Getting hyperautomation right at the enterprise scale

Through the example above, it is easy to see how hyperautomation can make a real impact by leveraging a combination of technologies. However, this is only one example. Enterprises are replete with thousands of applications and processes ranging from small supporting applications to large and deep mission-critical processes.

That’s why Gartner emphasizes on the “approach” bit. It’s not only about doing it once but achieving this over and over again, for various processes and applications, with speed.
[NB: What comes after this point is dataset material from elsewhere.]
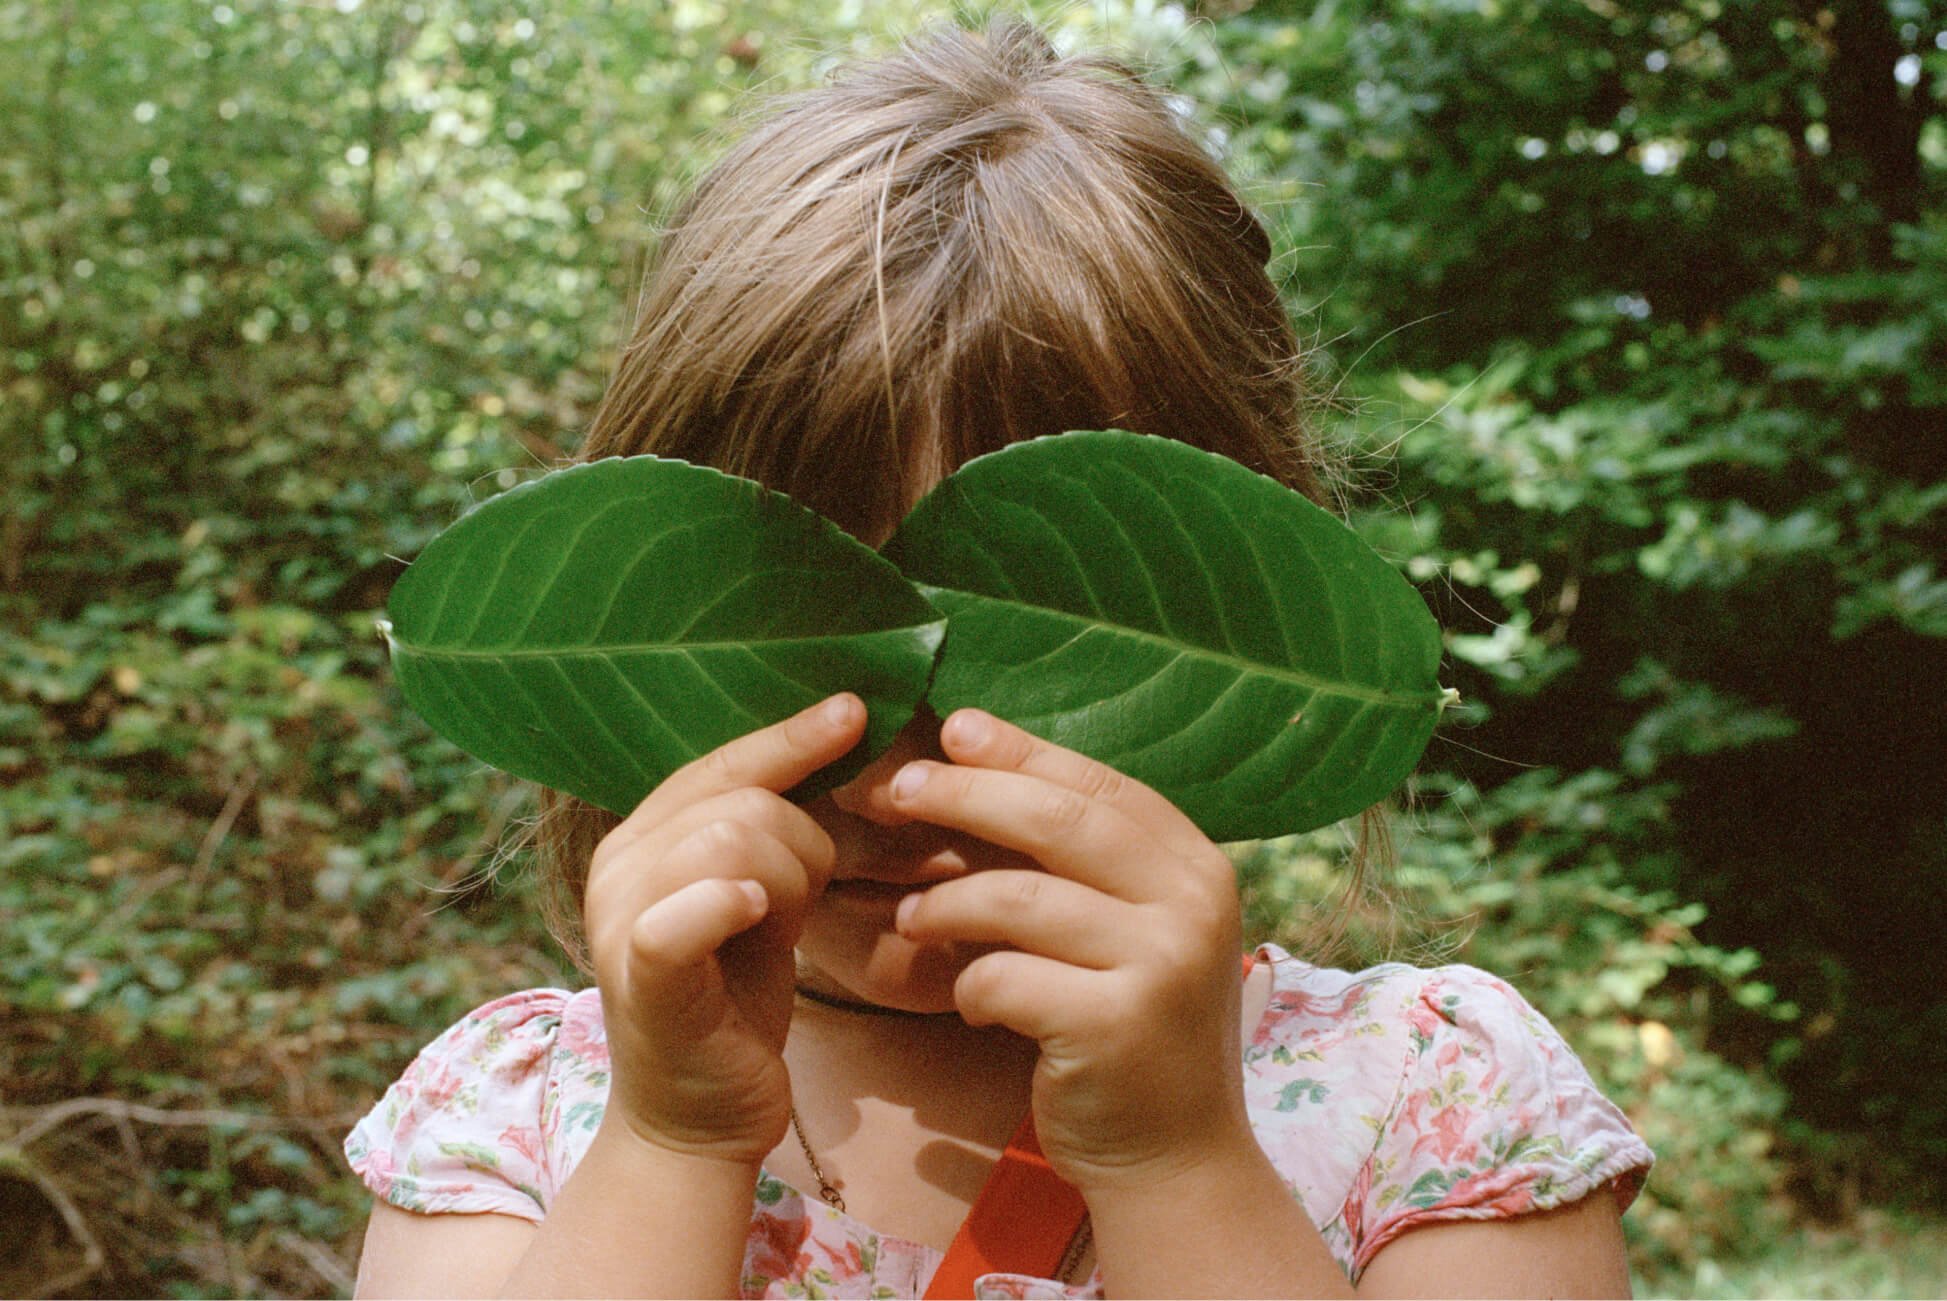 Una ragazzina in una zona boschiva si copre entrambi gli occhi con delle grandi foglie.

That’s where a digital transformation platform comes in. Let’s consider the following:

  • A set of key technologies form the fulcrum of hyperautomation strategy. This includes low code process automation (combining what is traditionally referred to as business process management – or BPM – with rapid development through low code capability), RPA, business rules management, case management and decision management
  • Another key ingredient in hyperautomation is contextual content services that enable the end-to-end lifecycle management of all forms of content (documents and media across formats) to supply context to transactions and processes
  • All applications and processes involve collaboration and communication in some form, requiring omnichannel customer engagement capability
  • These technologies are further augmented by AI, machine learning (ML) and content analytics to boost speed and intelligence 
  • Hyperautomation is only impactful at the enterprise scale with end-to-end automation that is holistic in nature and can be achieved with speed and repeatability. For example, after the account opening is digitalized, are you able to extend it to lending line of business and let your existing customers experience a similar digital interface for their loan needs?
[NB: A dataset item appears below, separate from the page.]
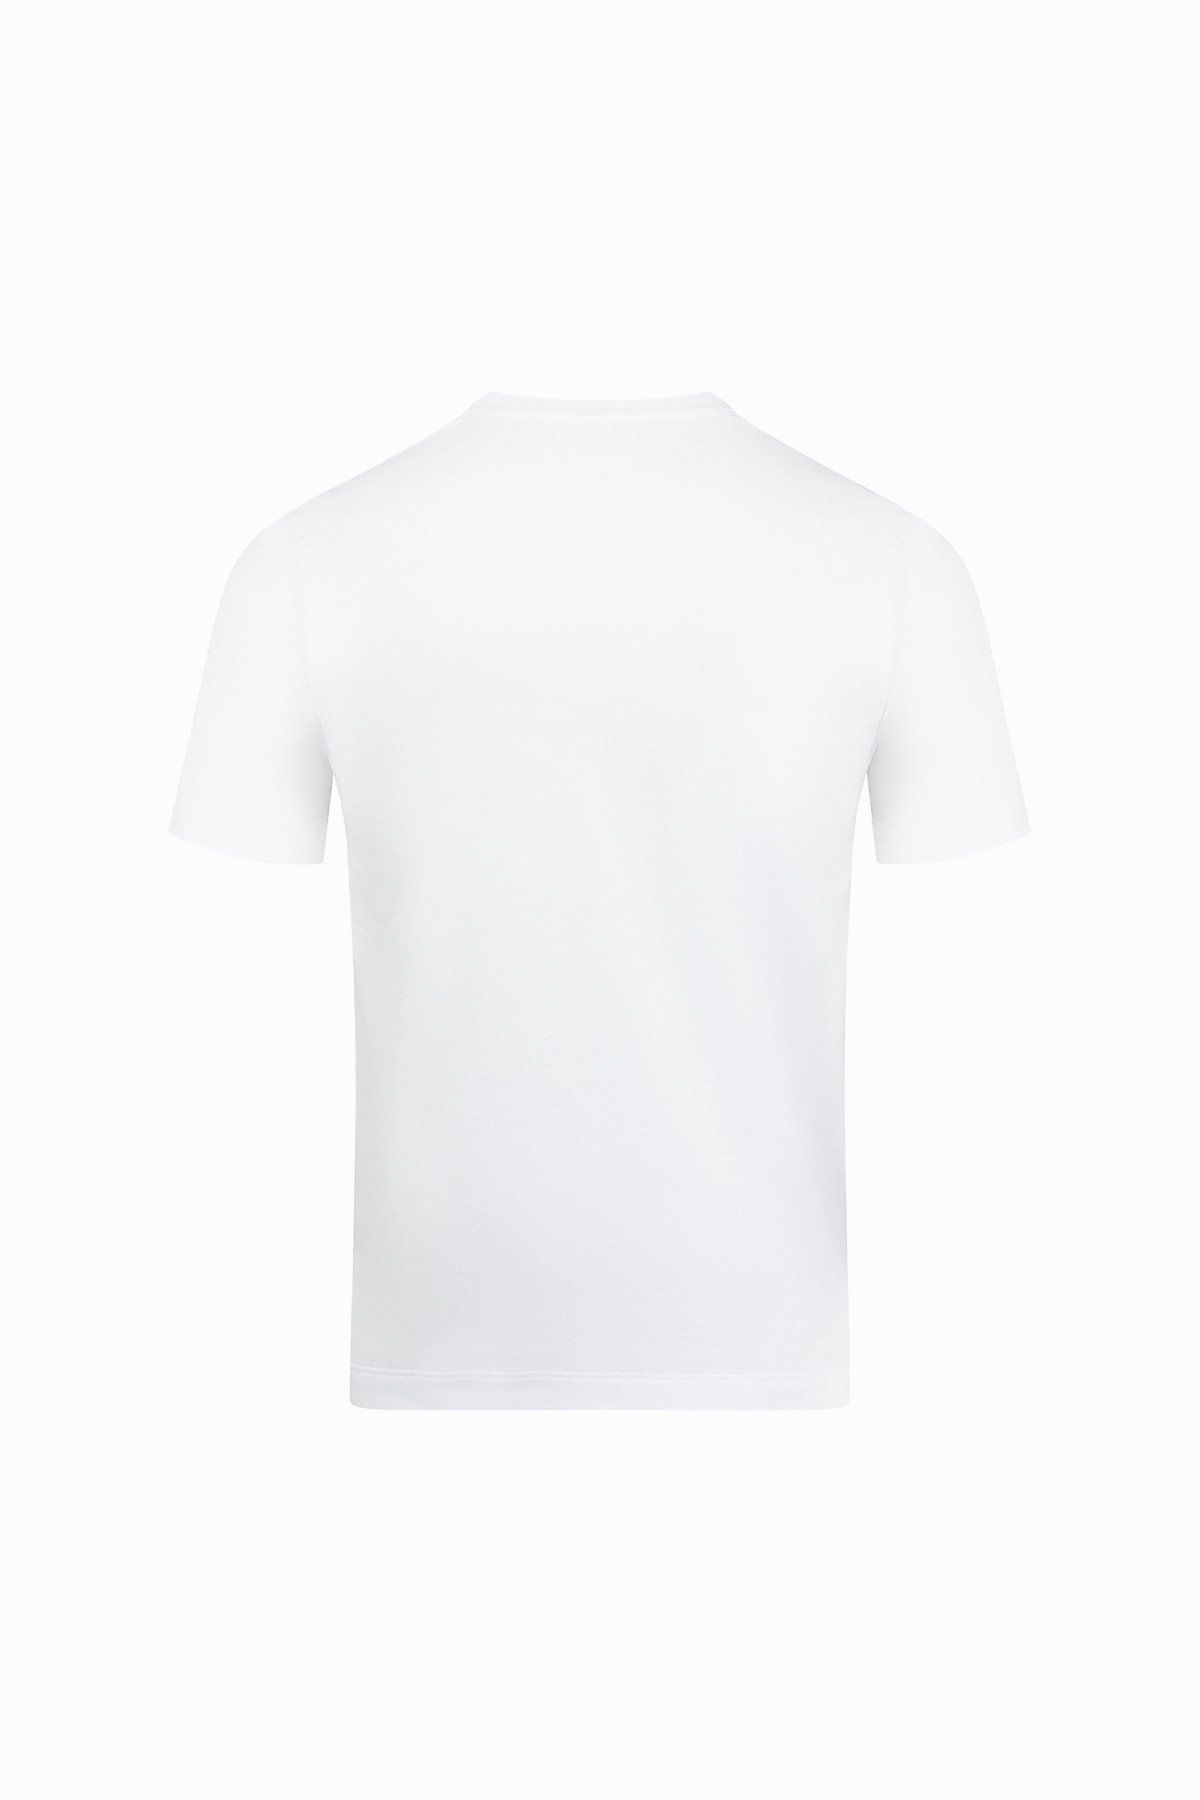 White T-shirt,

While it is possible to do all this by building an architectural stack or appending technologies such as RPA to existing processes, it is time- and risk-intensive, not to mention all the opportunity costs associated with any delays. A lot of times, it may not even yield the desired results to only implement AI or RPA with incremental improvement over existing processes because the broader silos still persist. 

A platform approach not only provides a kickstart but also mitigates the long-term risks of technical debt. Additionally, a digital transformation platform with low code capability helps realize the true potential of hyperautomation with speed and across lines of business enterprise-wide, as promised.

Anurag Shah is head of products and solutions for Americas at Newgen Software.